C# 3.0 introduced a new syntax to create anonymous methods, which are very handy in many scenarios. This feature is referred to as lambda expression, and it get its name from a concept known in programming as lambda. Based on the context and language, lambdas are also known as (or strongly related to) anonymous functions, blocks or closures.

Effectively, lambdas are a more expressive way to define a function, and are specifically designed to work well in the context of functional programming. This means that lambdas are often used to pass code as parameters to other functions.

Lambdas are effectively methods, and so they can be assigned to any delegate which matches their signature. So let’s see an example of how to initialise an Action delegate in three different ways:

void Start ()
{
    // ✔️ Method → Delegate
    Action a0 = F; 
    
    // ✔️ Anonymous delegate → Delegate
    Action a1 = delegate ()
    {
        Debug.Log("Hello World!");
    }

    // ✔️ Lambda → Delegate
    Action a2 = () => Debug.Log("Hello World!");
}

void F ()
{
    Debug.Log("Hello World!");
}

All of the three methods above are equivalent: the Action delegate will contain a reference to a method which prints the "Hello World!" string to the console. However, the third one is undoubtedly the most compact.

What really defined the lambda function is the lambda operator, => (which is also known as hashrocket operator in Ruby) and it supposed to be read as “goes to“. So, the lambda expression x => x+1 should be read as “x goes to x+1“. You can read more about this on the relative => operator (C# reference page).

Their anatomies can be tricky to grasp at first. The first two round brackets contain a list of the input parameters. Unlike a delegate, they only include names, and not types. This is because the type of a lambda expression is automatically inferred by its context.

❓ Why Lambda?

📚 LINQ

⚠️ Lambda Type Inference

⚠️ Limitations of Anonymous Functions

Statement Lambdas

On top of expression lambdas, the C# notation also supports statement lambdas. These are a way to create anonymous functions which need more than a single expression. They work in a very similar way, but the expression part is replaced with the more traditional body of a function, including the curly brackets and return keyword (if needed).

// Lambda expression
Func<int, int> a = x => x + 1;

// Lambda statement
Func<int, int> a = x =>
{
    return x + 1;
};

📚 Expression-bodied Members

📚 ref & out

📚 Expression Trees

Scope and Closures

Closures are one of those topics that—along monads and other functional-related terms—is often poorly explained or misunderstood. Understanding what closures are in C# and why they are important …is important!

We can think of lambdas—and anonymous functions in general—as pieces of code that we can define and call. It is very common for a lambda to have all of its necessary data passed as a parameter. A typical example is x => x+1, which takes one parameter and it only operates on that parameter alone. Understanding and implementing those kind of lambdas is easy.

Generally speaking, the code of most lambda expressions can be “stored” by the compiled inside a private methods. This works well for both the “self-contained” lambdas. But what happens when the lambdas are trying to access something that is outside their scope?

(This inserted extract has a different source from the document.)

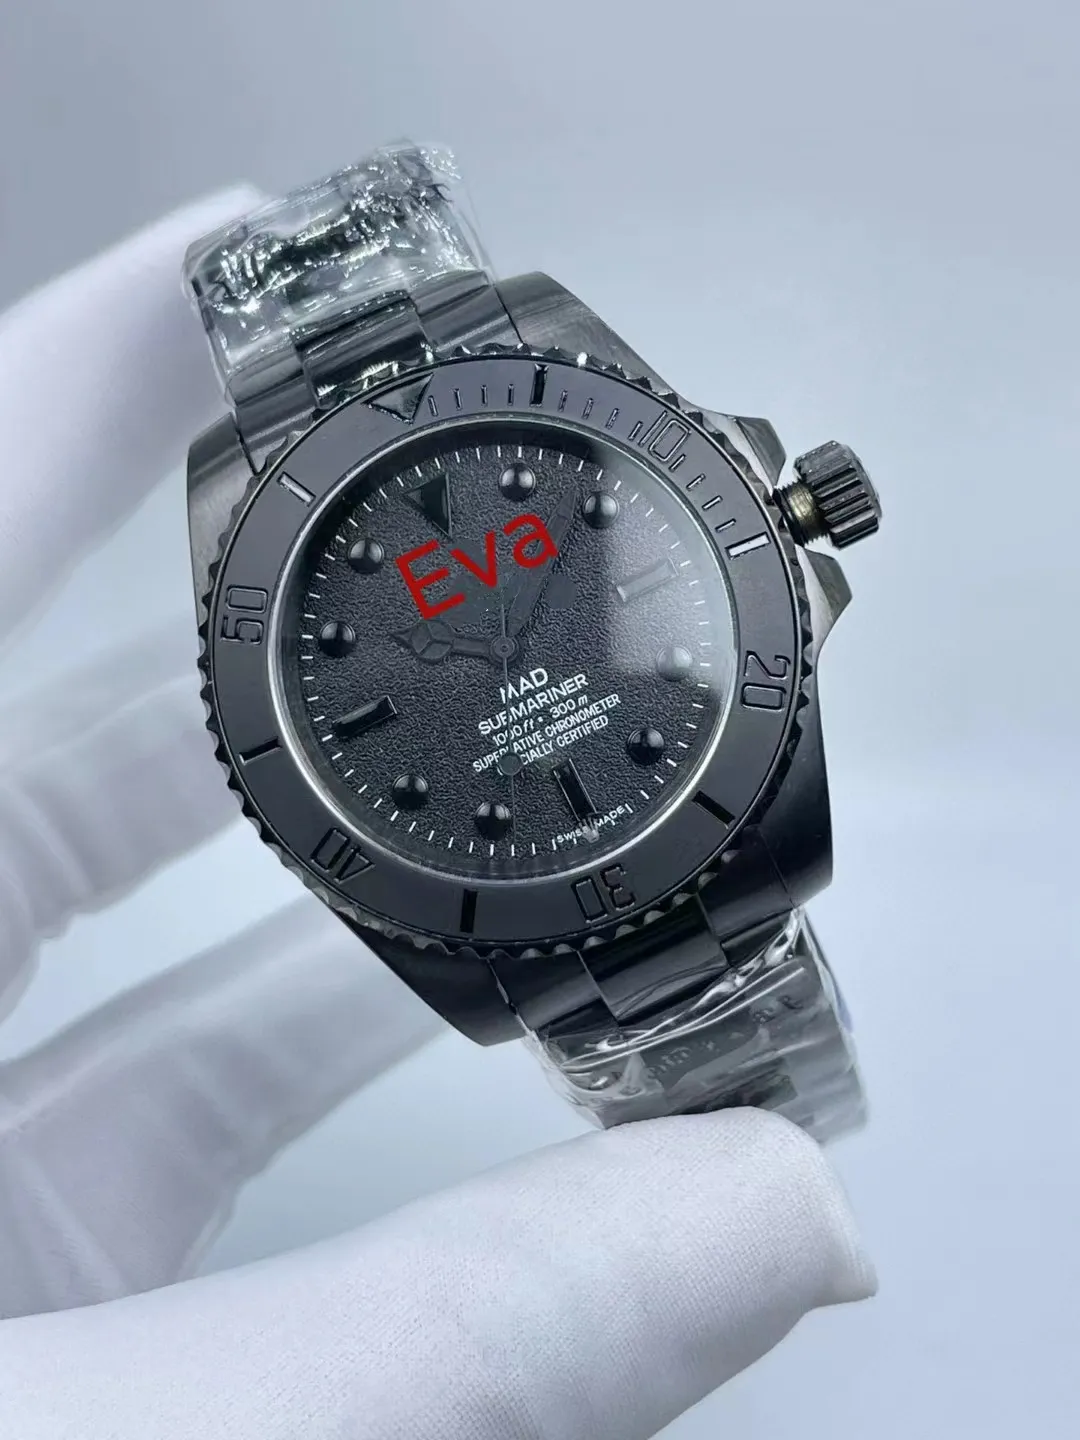 Relógio masculino 904L 40mm movimento mecânico automático personalizado caixa preta fosca clássico

The answer, unsurprisingly, depends on what exactly they are trying to access. The easiest case is when a lambda is referencing a member of the same class.

The example below (check on ShaderLab.io) shows a simple lambda that sets a public member of its class to zero. If we look at the generated C# code through a decompiled, we will see that the lambda has simply been “converted” to a private method (renamed ResetMethod for clarity):

// Original code
public class C
{
    public int x = 0;
    
    public void Start ()
    {
        Action action = () => { x = 0; };
    }
}

// Compiled (with variables renamed for clarity)
public class C
{
    public int x = 0;

    public void Start()
    {
        Action action = ResetMethod;
    }

    private void ResetMethod()
    {
        x = 0;
    }
}

This works even if the lambda is invoked from another class. The original instance will not be garbage collected until all references to the lambdas are released.

Closures

Things get more complicated when a lambda accesses a variable inside the scope of the function in which it is defined. What makes this case much more complicated is the fact that the lambda could be potentially invoked when the function (along its stack) has already ended. This means that the variables it needs to access might have been already destroyed.

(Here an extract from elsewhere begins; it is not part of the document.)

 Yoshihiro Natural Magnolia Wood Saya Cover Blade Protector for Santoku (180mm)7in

To ensure that the lambda stays “callable”, the variables it is accessing must somehow survive the end of the function in which they are defined. C# already provides a mechanism to do this: classes! This means that when a lambda accesses a variable defined inside a function, that variable (along with the lambda code) gets extracted and placed in a newly created class by the compiler. This is what a closure is.

You can see the original code, and its compiled version, below (check on SharpLab.io):

// Original
public class C
{
    public void Start ()
    {
        int x = 0;
        
        Action action = () => { x = 0; };
    }
}

// Compiled (with variables renamed for clarity)
public class C
{
    private sealed class Closure
    {
        public int x;

        internal void ResetMethod()
        {
            x = 0;
        }
    }

    public void Start()
    {
        // Instantiates the closure
        Closure closure = new Closure();
        closure.x = 0;

        // Assigns the delegate
        Action action = Closure.ResetMethod;
    }
}

The class Closure provides the environment necessary to run the lambda code safely (i.e.: the variable x, now “upgraded” to a class member). In the Computer Science literature, x is also referred to as a free variable, and it is said to be captured.

If you are interested to learn about closures in C#, A Simple Explanation of C# Closures is a comprehensive and accessible read.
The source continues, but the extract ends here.